To quantitatively evaluate sensor performance and enable accurate angle inference from current readings, a machine-learning-assisted analysis method was implemented (Figure 4b), as described in the Section 2. Figure 4c compares the overall SNI, averaged over the interior angles, for the four samples. A higher SNI value indicates superior angle sensitivity relative to noise. The PVA–PAA–0.14 wt% MXene sample achieved the highest SNI of ~4.36, indicating that a 1° change in angle produces a current response approximately four times greater than the background noise. This corresponds to a minimum resolvable angle of approximately 1/SNI ≈ 0.23°. The SNI values for the 0.28 wt% and 0.07 wt% samples were ~3.90 and ~3.52, respectively, while the neat PVA–PAA sample had the lowest SNI of ~1.14. This result suggests that, while the pure PVA–PAA hydrogel has a larger absolute signal, its significantly higher noise level limits its effective sensitivity. We assessed the accuracy of the sensors by performing a current-to-angle inversion using five-fold cross-validation. This process simulates the real-world application of converting a measured current back into an angle. Figure 4d shows the mean absolute angle error (MAE) of this inversion. The PVA–PAA–0.14 wt% sample demonstrated a remarkably low MAE of ≈0.0002°, significantly outperforming neat PVA–PAA (≈0.0034°), 0.07 wt% (≈0.0011°), and 0.28 wt% (≈0.0016°). Furthermore, the SD of the inversion error was also the lowest for the 0.14 wt% sample (≈0.0003°), as shown in Figure 4e and

Table 3. Sensing performance of the PVA–PAA–MXene composites.

Name	Sensitivity to Noise (1/°)	Mean Absolute Angle Error (°)	Standard Deviation (°)
PVA–PAA	1.14	0.0034	0.003
PVA–PAA–0.07MX	3.52	0.0011	0.001
PVA–PAA–0.14MX	4.36	0.0002	0.0003
PVA–PAA–0.28MX	3.90	0.0016	0.002

. The combination of sub-millidegree resolution and sub-microradian stability underscores the sensor’s capability for highly reliable angle reconstruction and should enable applications in biomechanical monitoring such as high-precision tracking of joint movements.

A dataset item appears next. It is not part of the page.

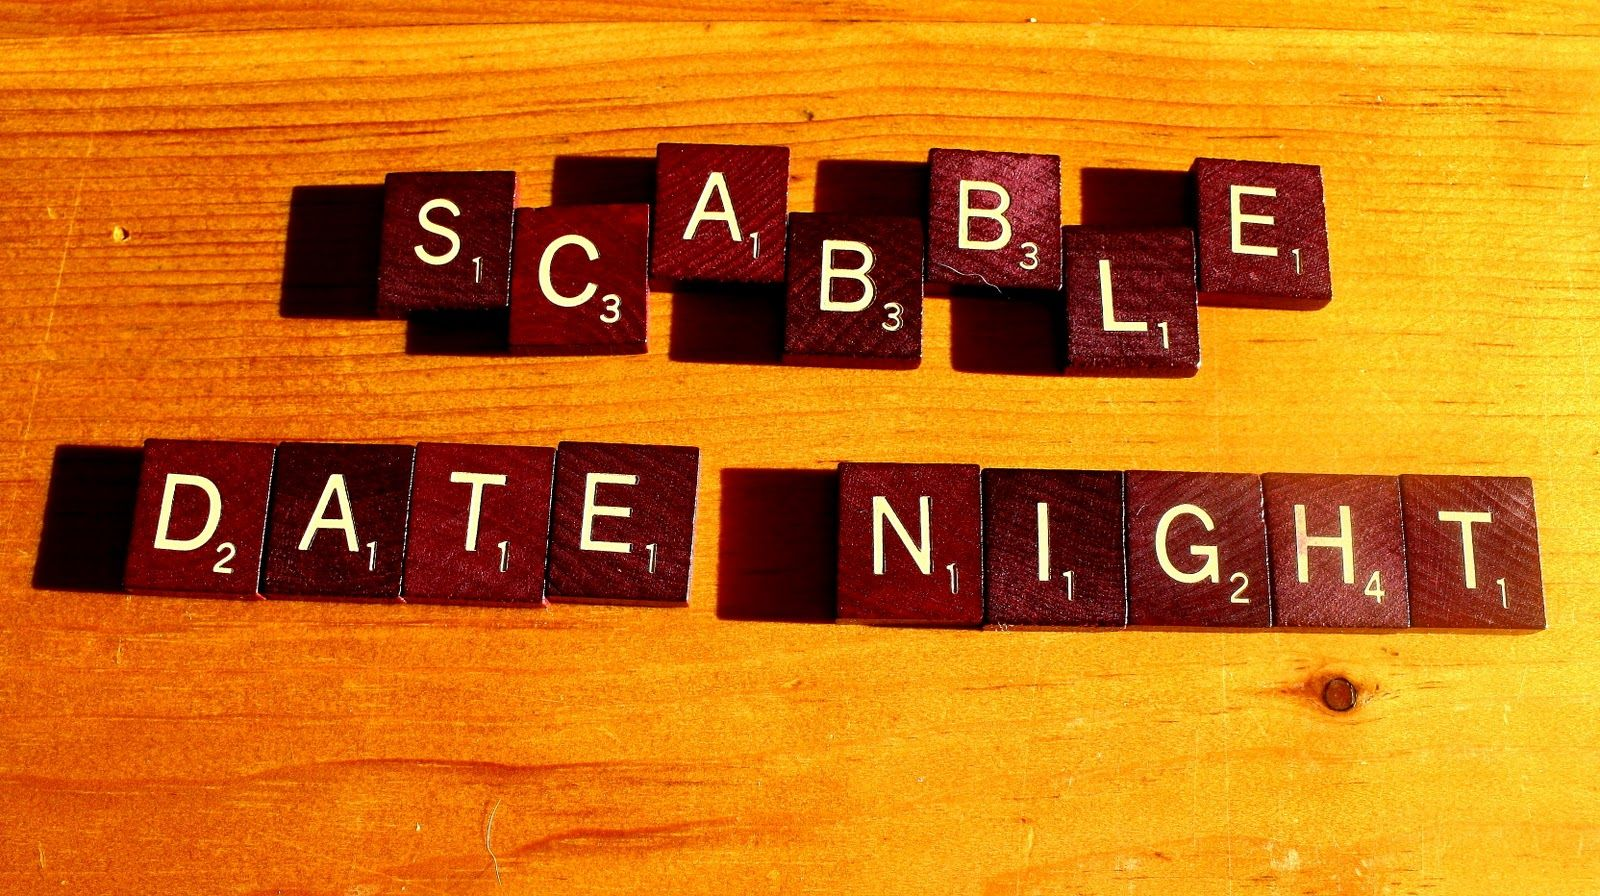 Dating Scrabble

Under a constant bias voltage (6 V), the bending-induced current change reflects the variation in the sample’s equivalent resistance ($I=V/R$). The pristine PVA–PAA hydrogel is very soft and its electrical conduction is dominated by aqueous/ionic pathways; therefore, at the same bending angle it is more prone to pronounced local compression and microstructural rearrangement. This leads to a shortened effective conductive path length, an increased effective conductive cross-sectional area, and improved connectivity of water/ion transport channels, resulting in a larger decrease in resistance and thus a larger increase in current. In contrast, after introducing MXene, the 2D nanosheets act as rigid fillers and “anchoring” sites that reinforce and stabilise the polymer network. These suppress chain slippage, pore collapse, and water-phase migration during bending, thereby improving structural recovery upon bending and release. As a result, the deformation-induced modulation of the equivalent resistance is reduced, the current response becomes more symmetric, and the overall response amplitude decreases, especially at higher MXene loadings.

4. Conclusions

We have demonstrated 3D DLP of highly flexible and biocompatible low weight % MXene–PVA–PAA composites suitable for high-precision biomechanical sensing. We first synthesized the MXene nanosheets by etching the Ti₃AlC₂ MAX phase with LiF/HCl. The free-standing MXene membranes have the ability to control ion transport via surface charge and electrochemical measurements of harvested electric power density show 6.79 W · m⁻² of osmotic energy conversion. These MXene sheets were then mixed with hydrophilic PVA–PAA polymers to formulate printable inks with MXene concentrations in the range of 0.07–0.28 wt%. DLP was used to fabricate dogbone-patterned MXene–hydrogel copolymer composites which were subjected to repeated bending tests and evaluated for their performance as biomechanical sensors. The low wt% MXene–PVA–PAA composites demonstrate high mechanical flexibility and high precision for sensing acute bending angles. Further work will focus on improving the mechanical properties (Young’s modulus and tensile strengths) while retaining the electromechanical sensing performance and evaluating performance in real-world biomechanical applications such as the highly precise tracking of joint movements.